Deb and Susan Whitewood of Bridgeville in Allegheny County, are the lead plaintiffs in the lawsuit, along with their teenage daughters, Abbey and Katie.
The family also includes two-year-old Landon, who was placed in foster care with the Whitehoods when he was 11 months old and later adopted by the couple. Deb and Susan have lived together in a committed relationship for 22 years. They are devout Christians and their family is actively involved in the Christ United Methodist Church of Bethel Park.
The ACLU of Pennsylvania states the plaintiffs are a diverse group of Pennsylvanians: Some are Baptist, Catholic, Quaker; others are Buddhist, Jewish or Secular. They are African-American, Caucasian, Latino, and Asian. They come from all walks of life including an emergency room doctor, a teacher, a truck driver, an executive at BNY Mellon, retirees, a dog trainer, a stay-at-home mom, and veterans. Many have been together for decades, and some are raising children together.
“The couples in this lawsuit are united by love, family and commitment, which are the cornerstones of marriage. They are married in every sense of the word, except one – under Pennsylvania law. Today’s suit seeks to give Pennsylvania’s same-sex couples the freedom to marry,” said Witold Walczak, ACLU of Pennsylvania’s legal director and one of the attorneys representing the plaintiffs.

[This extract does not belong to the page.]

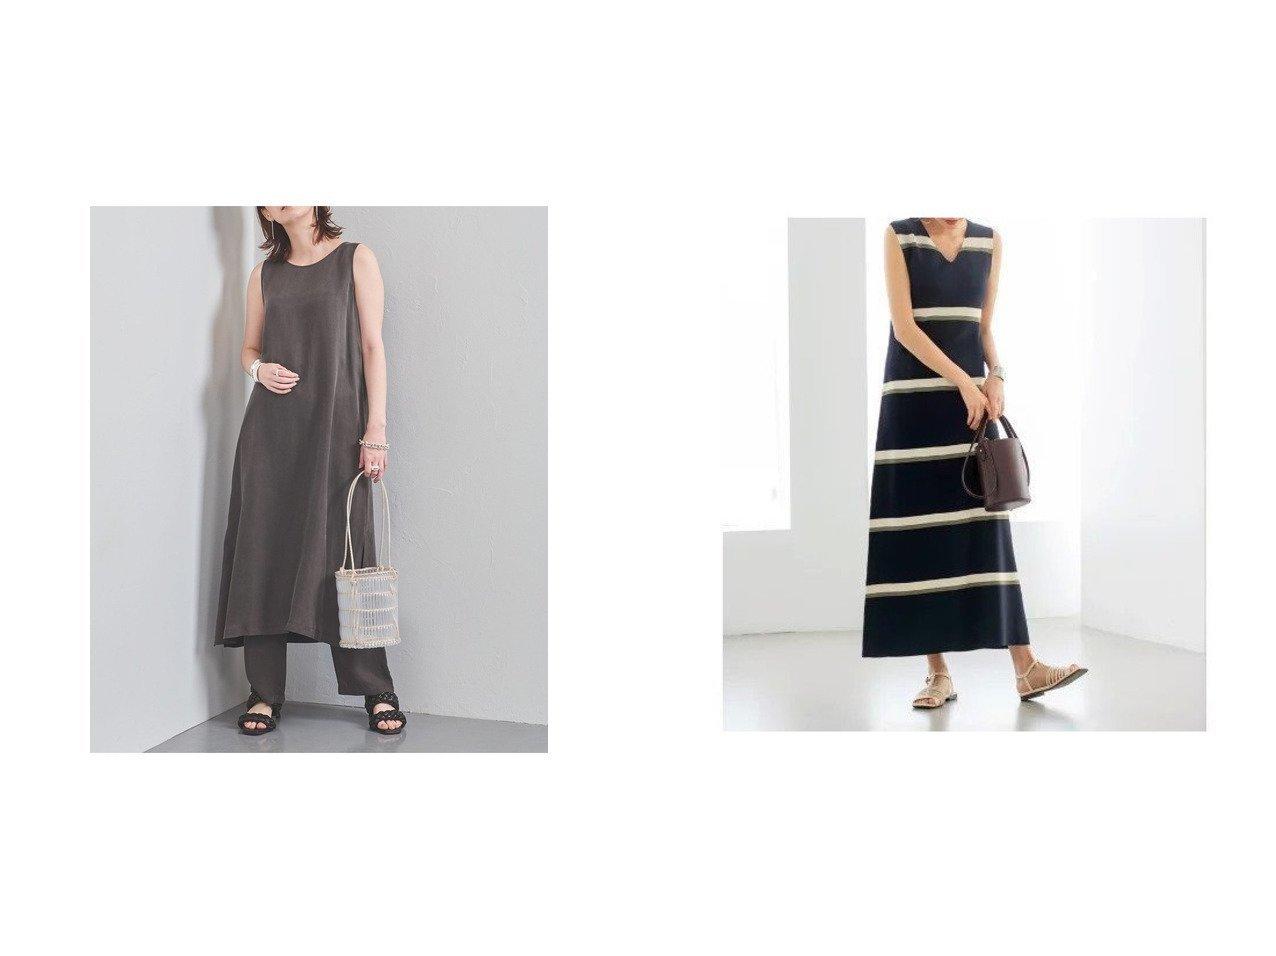 【UNITED ARROWS/ユナイテッドアローズ】のUBCC FIBRIL ノースリーブ ロングワンピース&【STYLE DELI/スタイルデリ】の涼感サマーニットボーダーロングワンピース 【ワンピース・ドレス】おすすめ!人気、トレンド・レディースファッションの通販 おすすめで人気の流行・トレンド、ファッションの通販商品 インテリア・家具・メンズファッション・キッズファッション・レディースファッション・服の通販 founy(ファニー) https://founy.com/ ファッション Fashion レディースファッション WOMEN ワンピース Dress ニットワンピース Knit Dresses エレガント くるぶし サマー スリム 定番 Standard ノースリーブ 人気 フィット ペチコート ボーダー ポケット マキシ ロング 夏 Summer おすすめ Recommend セットアップ ドレープ リラックス |ID:crp329100000048705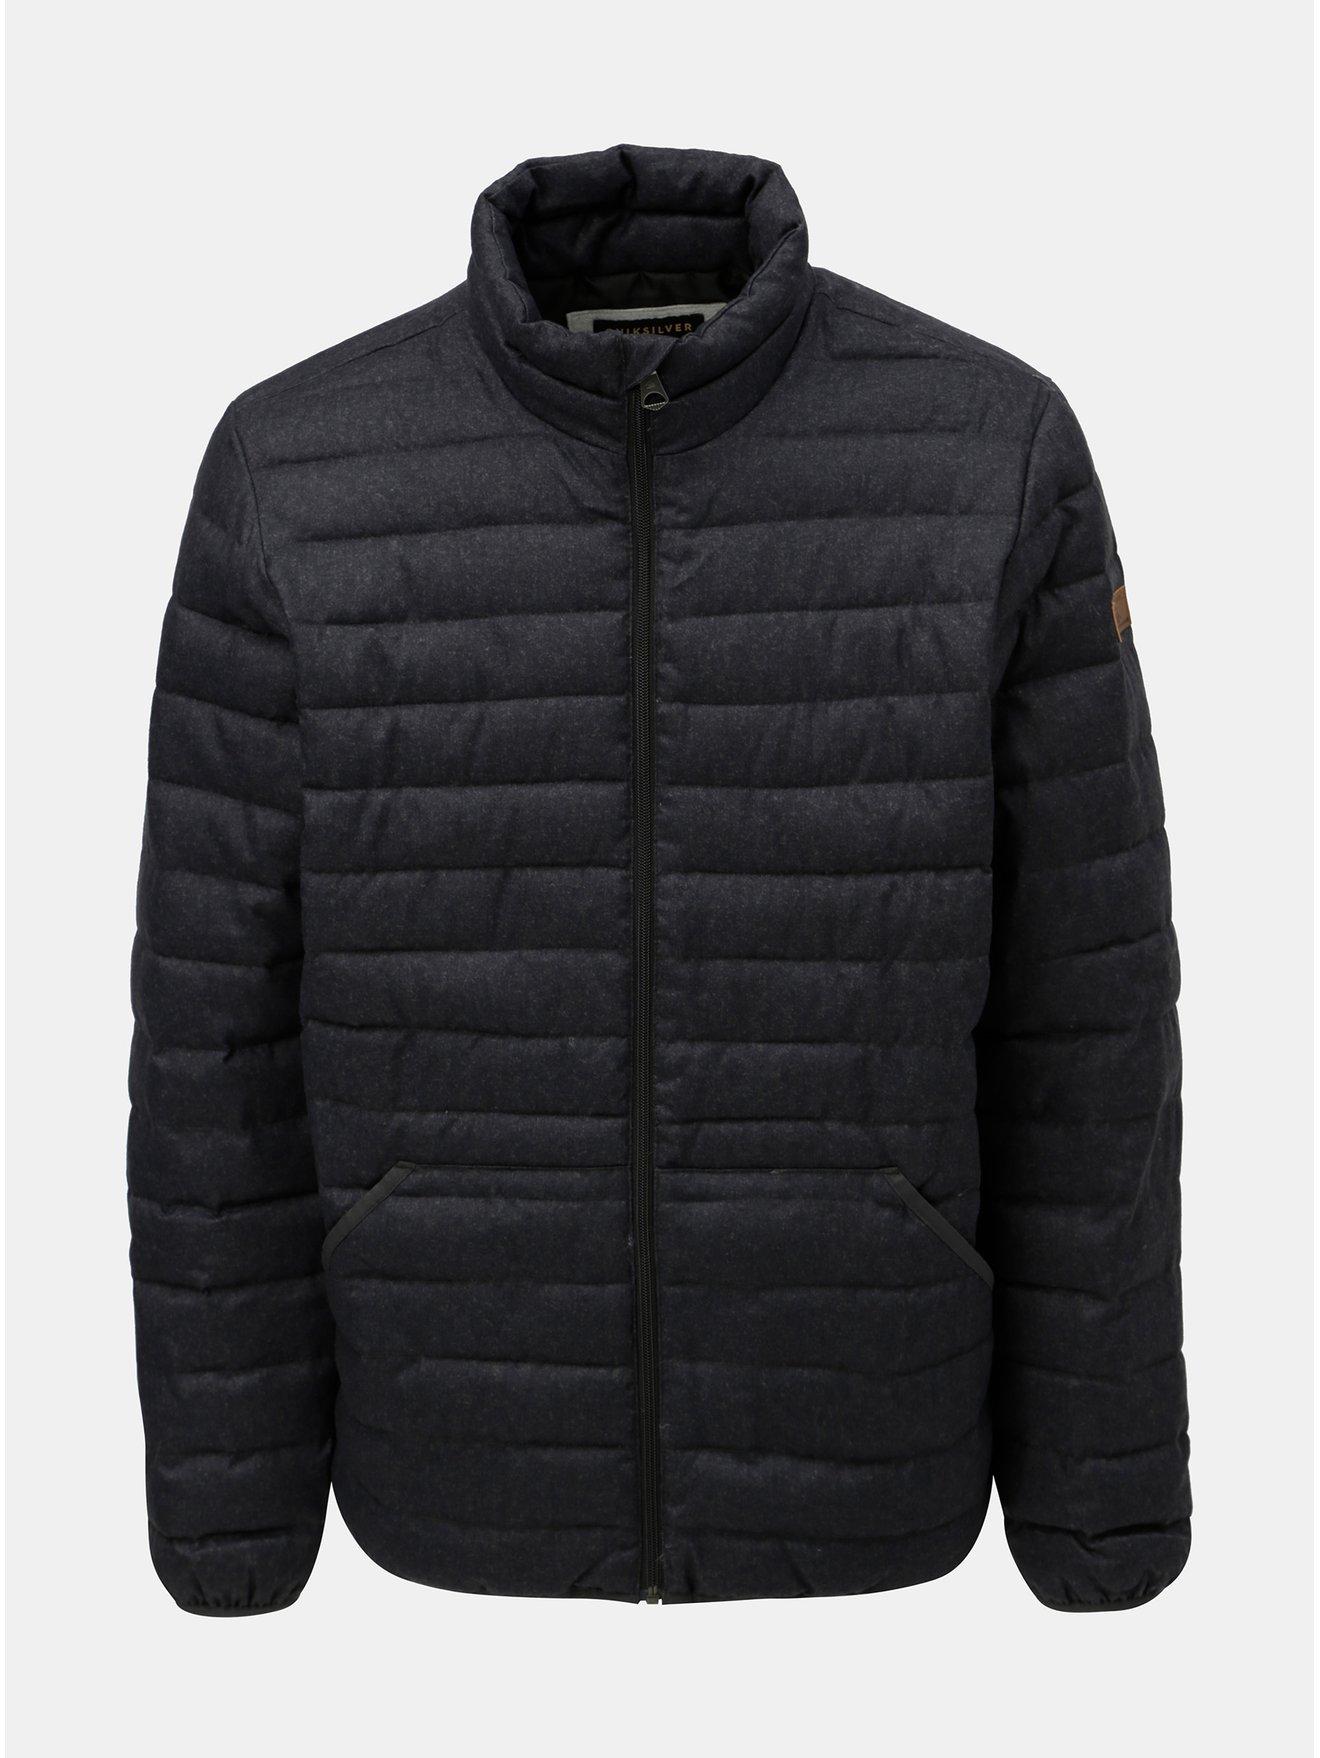 Tmavě šedá pánská prošívaná voděodolná zimní bunda Quiksilver Scaly

This lawsuit comes less than two weeks after the marriage equality victory in U.S. v. Windsor, where the Supreme Court found the Defense of Marriage Act to be unconstitutional, giving lesbian and gay couples federal protections- such as social security and health insurance.
The ACLU also announced July 9 that it will challenge North Carolina’s ban on same-sex marriage and is currently seeking to overturn similar statutes in Virginia prohibiting same-sex marriage as well as recognition of same-sex marriages from other states.